Генерал смотрит на часы. Действительно, наша беседа затянулась, а у Владимира Александровича еще уйма дел. Академия Генерального штаба закончена, дипломный проект защищен. Теперь начинаются хлопоты, связанные с новым назначением.

Куда он направляется? Пока — это военный секрет. Во всяком случае, он займет такой пост, какого заслужил всей своей долгой воинской службой, начавшейся, как говорится, на заре юности: не успел он окончить десятилетку, как война сделала его солдатом. И каким солдатом!..

Я провожаю генерала. Мы идем по Москве в тихий ночной час, когда движение стихает, охладевший воздух становится гуще, и по улицам разносится сильный медвяный запах цветущих молодых лип.
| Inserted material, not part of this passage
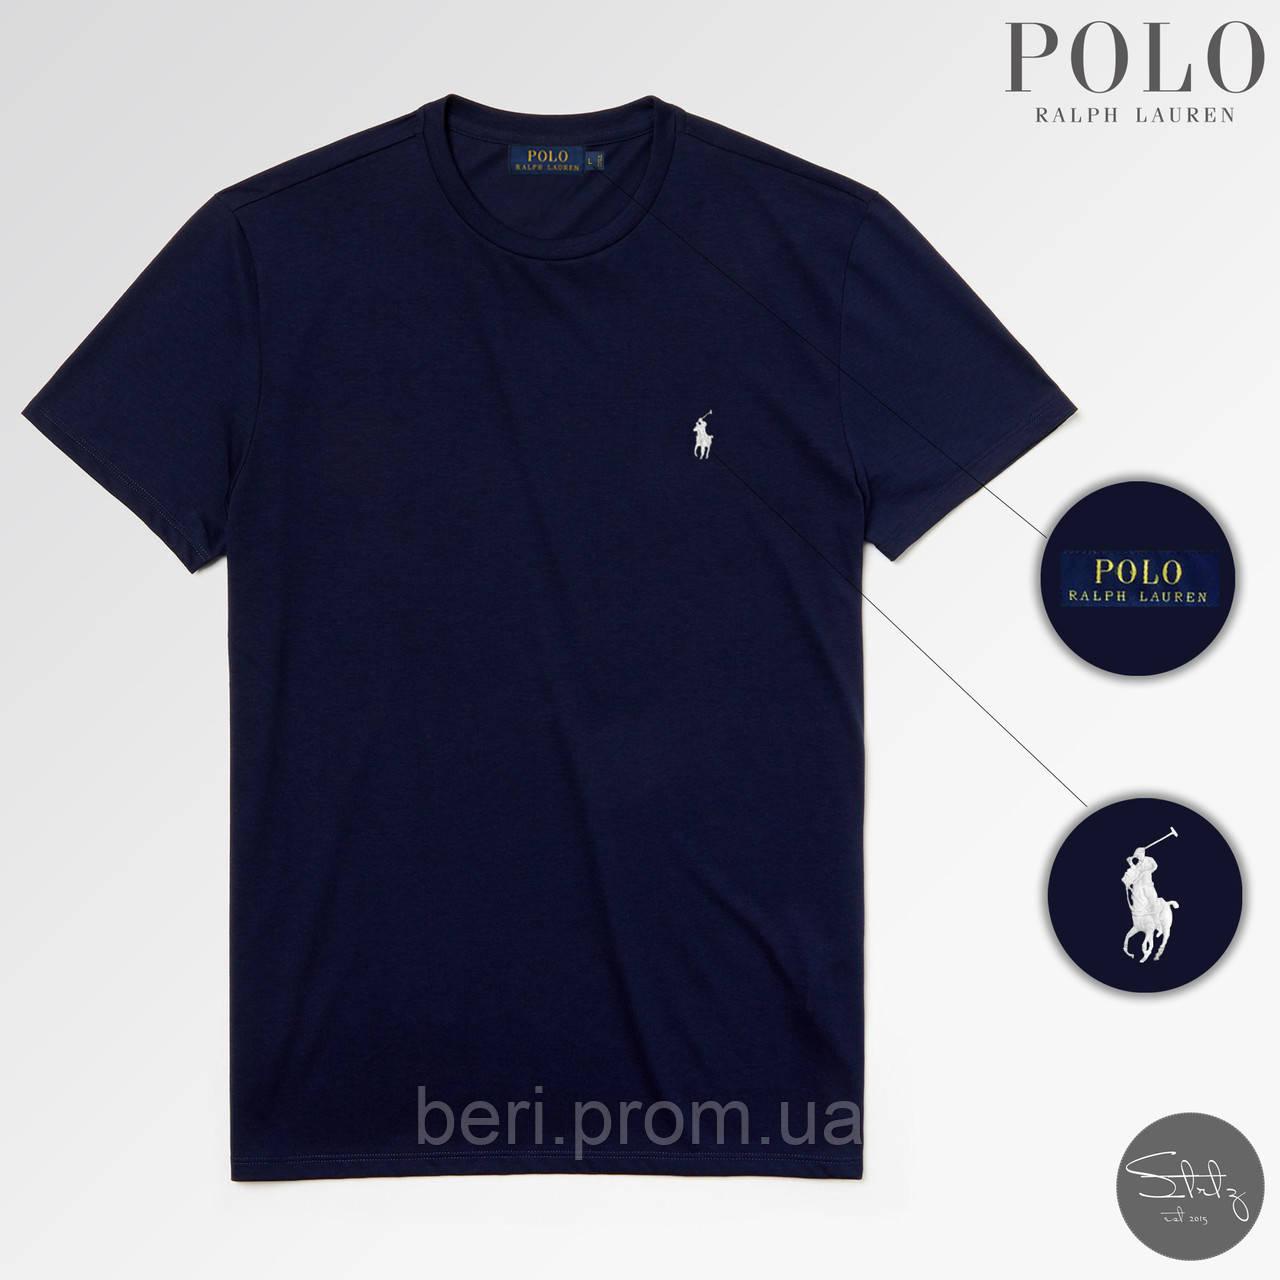 Мужская классическая футболка Polo Ralph Lauren | Чоловіча класична футболка Поло Ральф Лорен (Темно-Синий)
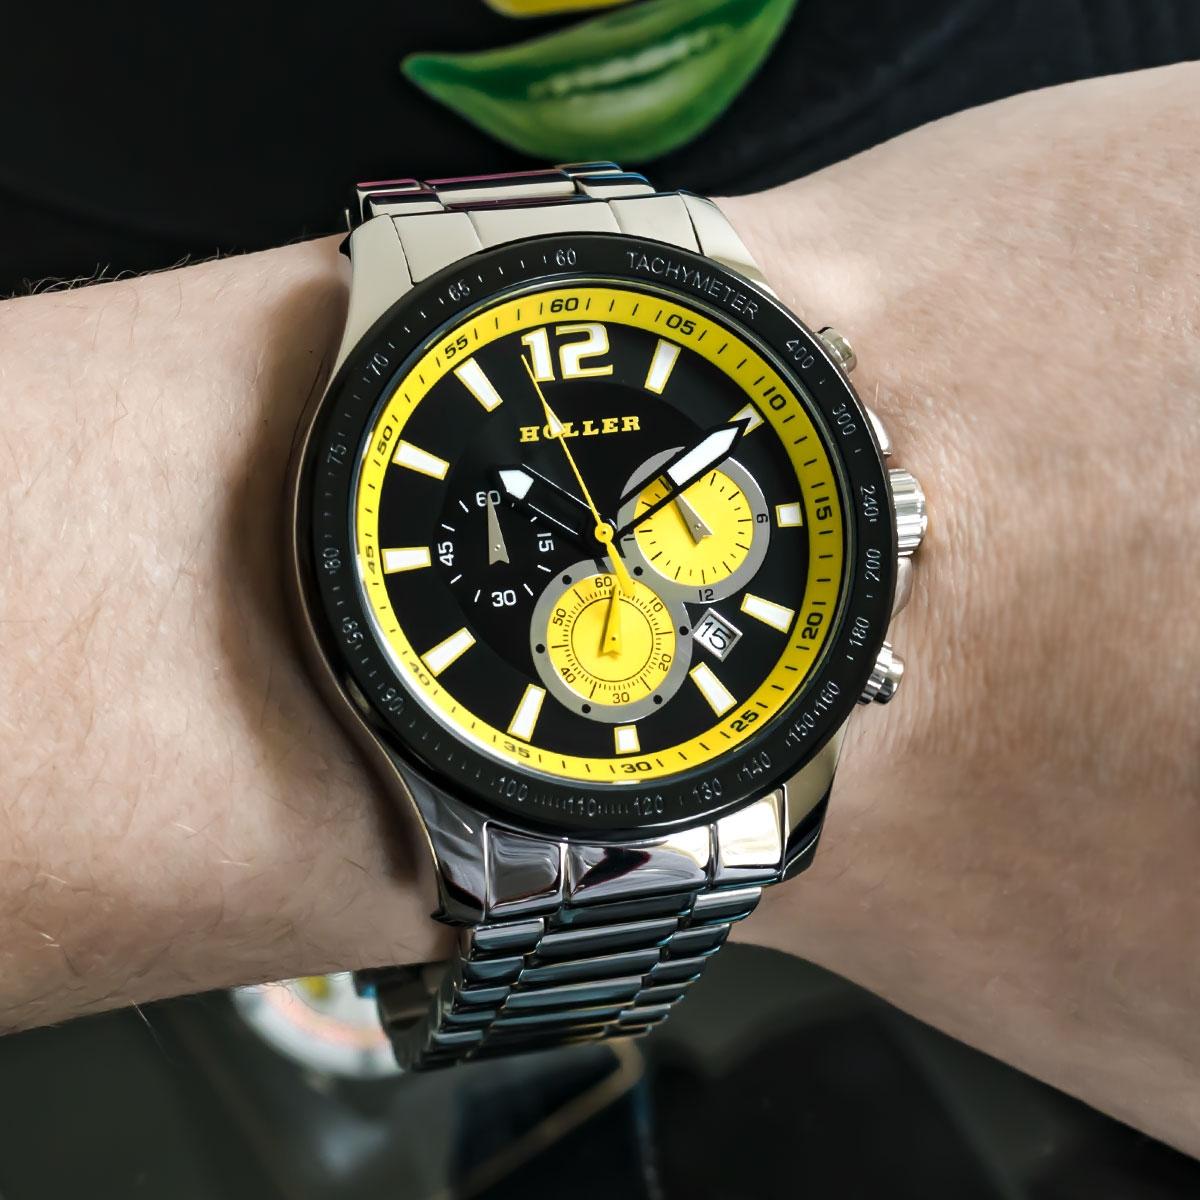 Invictus Yellow Watch

Где-то звенит гитара, поют чистые молодые голоса о тихих подмосковных вечерах. Слышится смех, кто-то пускается в пляс.

И я думаю о том, что этих людей, вот так, попросту, без затей радующихся жизни, этому теплому летнему вечеру, этим мигающим в небе звездам, еще не было на свете, когда школьник Володя Бочковский и его сверстники, едва успевшие потанцевать на последнем школьном балу, уже надевали военную форму, чтобы начать свой невероятно трудный и долгий фронтовой путь.

Так же, как поколение 1917 года, совершившее революцию, прошедшее по всем фронтам гражданской войны, преодолевшие разруху, голод и холод ради будущих поколений, так и поколение сороковых годов, не успев вдоволь потанцевать, погулять, попутешествовать, полюбоваться жизнью, отдало себя целиком, без тени колебаний, самой страшной из войн, какие в то время можно было вообразить, чтобы вот этим, нынешним, было наконец хорошо.

Так свершается круговорот жизни. И давно ли Володя Бочковский досадливо морщился, когда старики говорили: «Ну что эти, молодые, нешто на них можно положиться? Вот, помнится мне, под Касторной в девятнадцатом году», — а теперь и он сам вроде бы принадлежит уже к старшему поколению, и иной раз ловит себя на том, что ему вдруг хочется сказать: «Ну что эти, молодые, разве на них можно положиться? Вот, помнится мне, под Коломыей в сорок четвертом году…» А потом вдруг выясняется, что и эти молодые способны сотворить такие необыкновенные дела на нашей старушке земле и в ее космических окрестностях, что только крякнешь от неожиданности!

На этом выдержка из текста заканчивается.